In the previous installment about the molecular medicine conference, I emphasized that the science of so-called complex, polygenic diseases like cancer is, well, complex. But there are other complications as well in the life science business. Biotechnology and pharmaceuticals are also risky, complicated enterprises from a financial standpoint. In a way it’s kind of a layering of complexities, one atop the other.

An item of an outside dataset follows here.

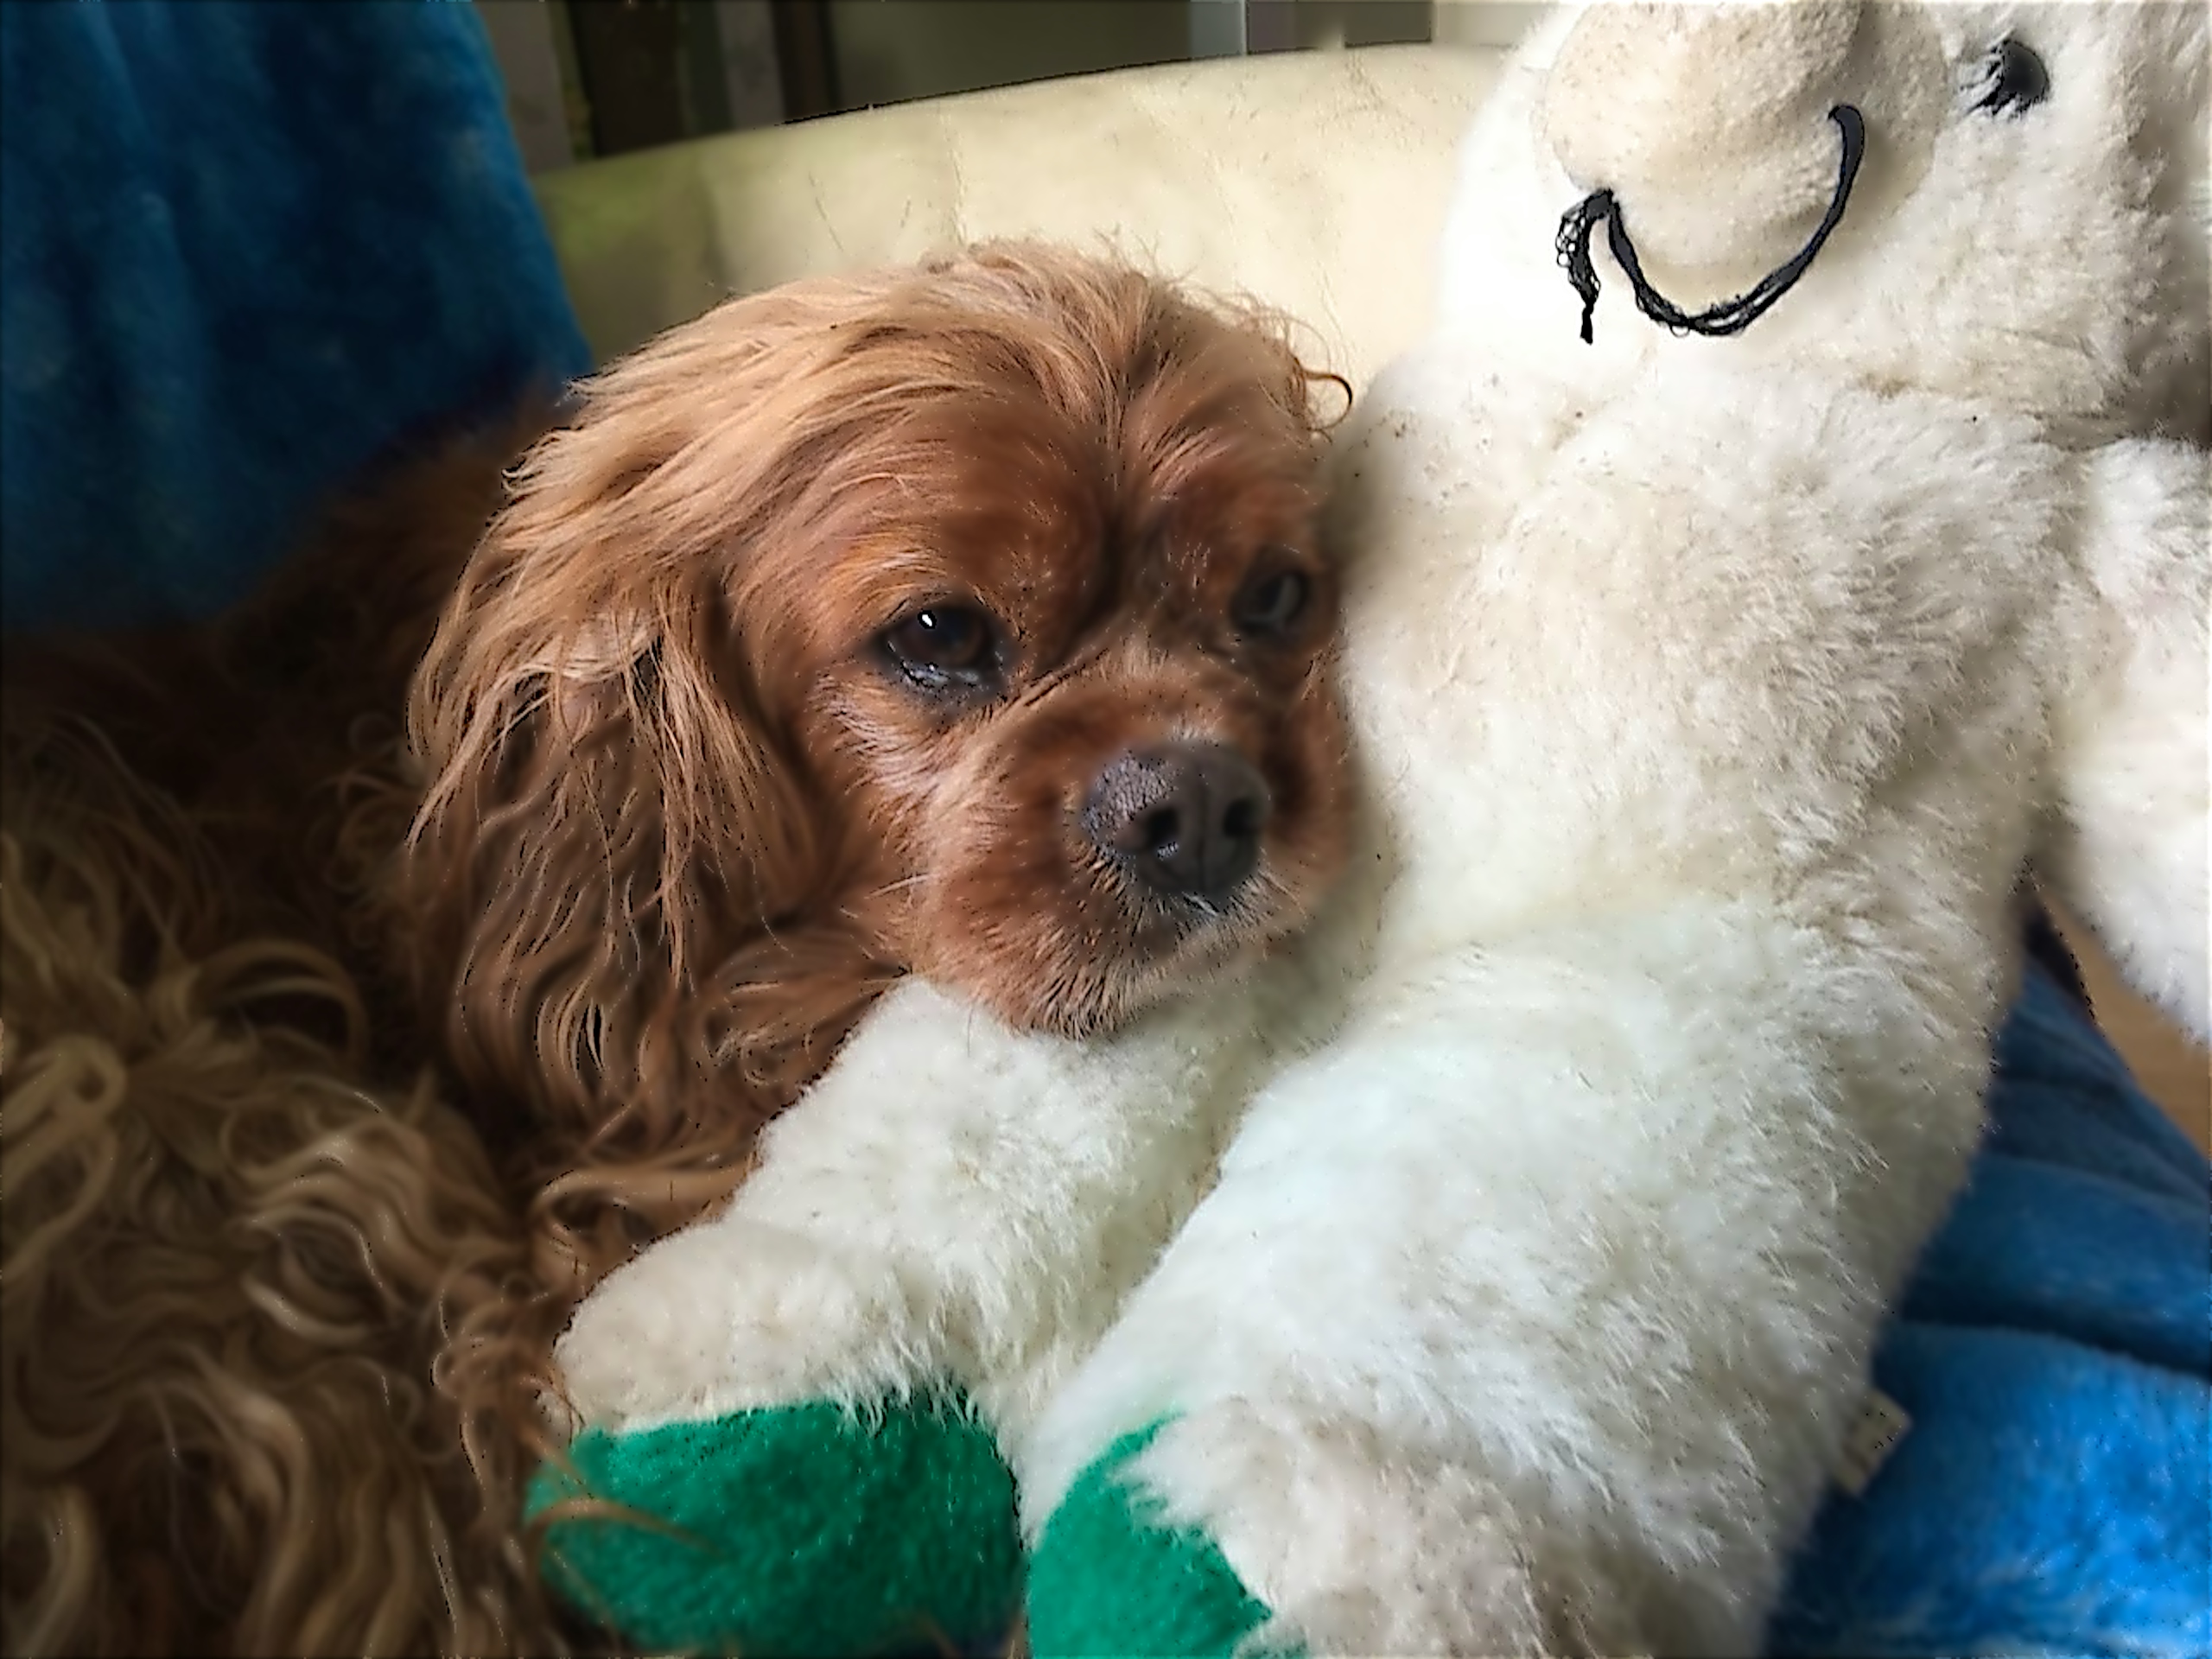 Profile image of Jenni's spaniel, Rumour, with a stuffed toy.

When you attend a biotech meeting these days you almost feel sorry for multi-billion dollar corporations. I said almost. The figures about the industry’s financial situation don’t look good. According to a keynote speaker from “the industry,” the average time to bring a new drug to market is 12 years and 9 months. Just three out of ten products recover the investment made to develop them. Eighty-nine percent of compounds that start development for drugs die in the process. Just 5% of compounds become registered drugs, i.e., approved for sale by the FDA. The number the industry puts forth for the average cost of bringing a new drug to market is $890 million. (They seem to be inflating this number. A couple of years ago it was a mere $500 million.) The reason this figure is so high is because it includes in the cost of all those failed drugs. And, to top it all off, despite the advances in science in recent years—perhaps even because of it—the rate of producing marketable drugs has declined. Productivity is declining, not rising. The fabled “pipeline” of new drugs is drying up. This is the greatest lament in pharmacology.
Nevertheless, the industry soldiers on, not out of altruism, but because of the lure of multi-billion dollar returns that come with a truly successful drug. One thing was clear to me listening to discussions, even the scientific ones: biotech is driven by bottom-line business issues. Doing good while doing well is fine, but the parameters of decision making are all about return on investment.
For those of us nurtured in the nonprofit world, this may seem crass and less than ideal, but it makes sense in the marketplace. Like it or not, things that we use to treat disease in our health care system come about via competitive market processes. And when the stakes are in the hundreds of million of dollars, the profit orientation is mighty. While a nonprofit like the Society struggles all year to raise $100+ million dollars for cancer research, investors pour billions of dollars annually into companies that spend it to develop drugs and devices, much of it cancer-targeted. If they weren’t concerned about returns, people could give their money to us. Instead people invest in biotech because they expect, at the end of the day, to get more out than they put in, and, incidentally, they might improve cancer treatment. The net result is that investment raises billions for research each year rather than millions.
Investment is also subject to almost whimsical trends. One speaker, an investment banker who was originally a molecular biologist, explained that biotechnology investment comes as “windows” when the investment community is willing to open its vaults for this area. Investment professionals follow the herd. They won’t invest when nobody else is doing it or when some adverse event like a company failure or a problematic court ruling spooks them. On the other hand, they will invest when biotech has not “turned over” in quite awhile, or when an IPO is very successful, or even when rumors on Wall Street tout biotech as “hot” again. The speaker confessed it is not a particularly rational process. The window has been opening and closing cyclically for a couple of decades now, and not much is likely to change it. But, make no mistake, what drives the money flow in the life science industry is what’s happening in financial markets, not what’s happening epidemiologically.
Let me reconsider that last remark. The life science industry does use epi to determine the potential market for products. Cancer gets a lot of R&D because it’s a big, big market. Frankly, the priorities for cancer research by pharmaceutical companies probably don’ differ too much from the ACS. They put resources into the cancers that affect the most people and for which they think they have something that will work. But many other factors enter into investment decision-making. Wall Street’s willingness (mentioned above), likely time to market, availability of new technology, deals with other companies, availability of intellectual property at a reasonable price, in-house expertise, and health care payer predispositions to pay are a few of the parameters. I guess life science business managers expect that, in the end, human needs will get taken care of, but a Viagra may get in ahead of a new prostate cancer drug.